I visualized how many recursions the algorithm above needs to perform for every pixel and we can see the results below (different colors represent different number of recursions):

The picture on the left is when I used a float (not rounded) min/max values to decide if a node is small enough to render. The picture on the right is when I used the rounded integer min/max values to decide if a node is small enough to render. We can see that there are lots of nodes in the right picture which need fewer recursions than the picture on the left.

Algorithm Optimizations

Quicker projection calculation

In the above renderer pseudo code, we treat each octree node as a cube and project its 8 corners onto the screen to calculate the min/max bounds that the cube takes up on screen. Doing so is a very slow operation, and had to be executed millions of times per frame. To speed this process up, I pretend every oriented octree node is a actually the smallest screen facing cube that encapsulates that node. I would then calculate which corners of this cube correspond to the min/max values of the nodes projected space.
In certain orientations, the corners which correspond to the min/max values change as can be seen in the images below:
To speed up cube projection, I came up with 2 algorithms. Algorithm 1 was to project the min/max corners of the front and back face, and then calculate min/max values from the 4 projected points. This halved the amount of corners I had to project. Algorithm 2 projected only 2 x,y value pairs but would add extra if statements to figure out which corners x,y values corresponded to the projected cubes min/max values. In the above image for example, the center cube has 3 points which correspond to the cubes min/max values on screen. But, the top left corner only needs its y value projected to calculate the max y, and the top right corner only needs its x value projected to calculate the max x. The algorithm would identify such cases depending on which faces of the cube are visible on screen. Reviewing benchmarks below, we can see that algorithm 2 turned out to be the faster algorithm.

MeanAverageStDevMinMax
Scalar211.883003212.75650424.124100585205.675797230.36496
Algorithm 175.26851775.540828731.31218409173.54123784.518555
Algorithm 274.27075274.431776880.98439302872.26805985.476723

Minimizing Sorting:


Given that the program traverses millions of octree nodes a frame, it can't feasibly sort every nodes children to be ordered front to back. At the point I decided to examine this issue, the sorting was taking roughly 25% of the programs run time. If a octree node is rotated, the program finds the largest encapsulating box that is facing the camera, and renders that box instead. When drawing these nodes, I realized most of the time, the sorted order of the parent is the same as the child's, but I also identified cases where that isn't true shown in the images below:

I simplified the above example to a 2d case instead of 3d, but the same principles apply. We can see that the parent node on the left has 4 nodes, ABCD. Nodes A, B and nodes C, D are both the same distance away from the camera so to traverse our nodes front to back, we can traverse A->B->C->D or we can traverse A->B->D->C or any other permutation where we flip A with B or C with D. If we then examine the children of B, we see that node 0 is strictly closer to the camera than node 1, and node 2 is strictly closer than node 3. So there is only one possible order. This is an example of a order changing from the parent to the children.

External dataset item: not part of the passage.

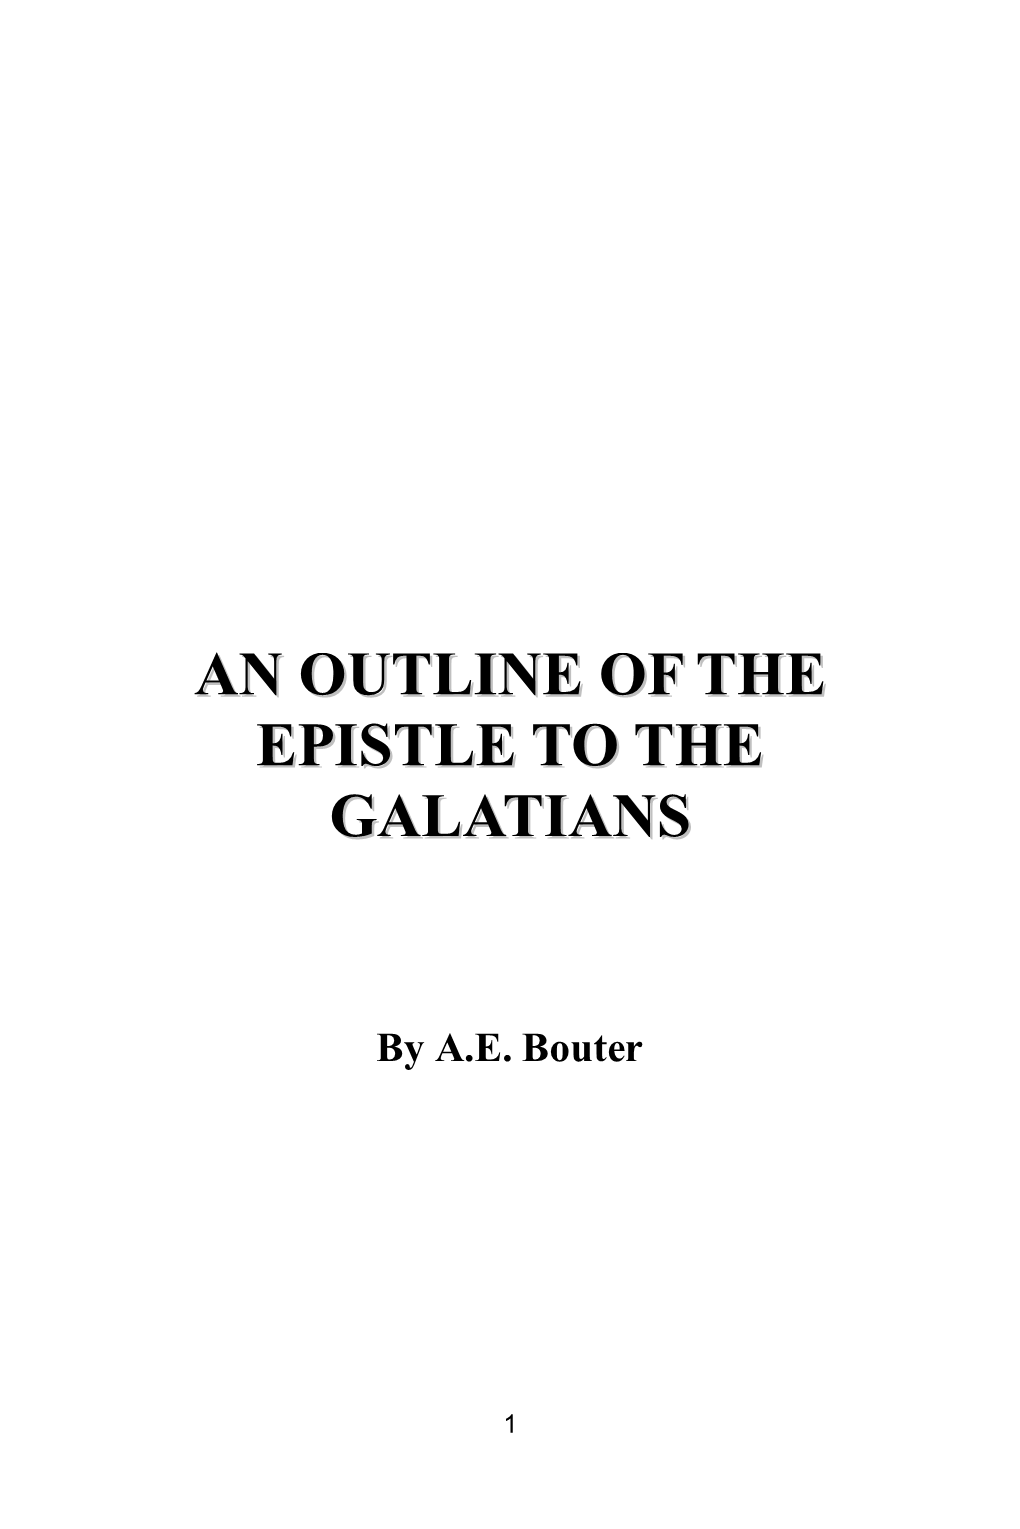 An Outline of the Epistle to the Galatians

I realized later that the only times that the traversal order for a parent changes for the children is when the faces of the parent which are visible are different than the faces of the children. This change of visible faces only happens when the parent node intersects the x or y axis, while the child node does not as can be seen in the below picture:

Therefore, I only have to sort nodes when they intersect the x or y axis, otherwise I can propogate the parents traversal order onto the children. When profiling, almost 100% of our nodes don't fall into this category and we don't even spend 1% of our programs runtime sorting nodes anymore.

Orthographic Mode:

The last optimization is to try to render as many nodes using orthographic projection as possible. When performing perspective projection, we have to store world positions of nodes and perform divisions to project nodes to the screen. This means we use up more memory and have to wait for long latency instructions which can stall our CPU pipelines. So Fluffy checks if a nodes backface projects to the same pixels as the front face, which means that the node is so small that the effects of perspective projection are no longer visible. This is shown in the below images:

Fluffy checks if nodes are ready for orthographic projection by checking if the top right corners of the front and back faces of the cube project to the same pixel. If they do, it switches to orthographic mode and subdivides the node in screen space by finding midpoints between every edge as shown in the below image:

Below are the performance results of applying this method.


MeanAverageStDevMinMax
Scalar175.455917174.889116219.78129413127.600182217.117813
Ortho1148.587189149.605005216.38707136107.362137182.3797

SIMD Optimizations

Processing 8 nodes at a time

Originally, I tried to apply SIMD on the original algorithm which was outlined above, which meant Fluffy was processing one node at a time. This resulted in lots of horizontal operations like finding the min/max value in a AVX vector. I decided to instead process 8 nodes at a time doing as much of it in SIMD as possible, then switching to scalar for things like checking node occlusion. This helped make the code more parallel and easier to implement in SIMD.

Screen as 8x8 blocks

The algorithm touches many pixels to render the octree to the screen. I knew that every row of pixels touched by a node would result in a cache miss once we had to jump to the next row of pixels. I tried to group pixels into 8x8 blocks, each being a 1 bit coverage mask instead of a 32 bit depth value so that I could lower the amount of cache misses in coverage buffer access. This however incurs a performance hit to generate masks whenever we loop per pixel since sometimes our projected cube partially covers a 8x8 block of pixels. The performance results can be seen below:
MeanAverageStDevMinMax
Scalar Occlusion50.59556250.441757199.01711967423.43388768.161186
8x8 Occlusion61.35755261.0286472410.9266814127.88140183.063866

Surprisingly, this method made the performance worse because of the extra instructions it took to generate the pixel masks. In the end, I decided to use a 8 bit coverage mask with a scalar loop to check for node occlusion to avoid any extra operations to generate masks, while shrinking my rendered buffer by a factor of 4 (from 32 bit depth).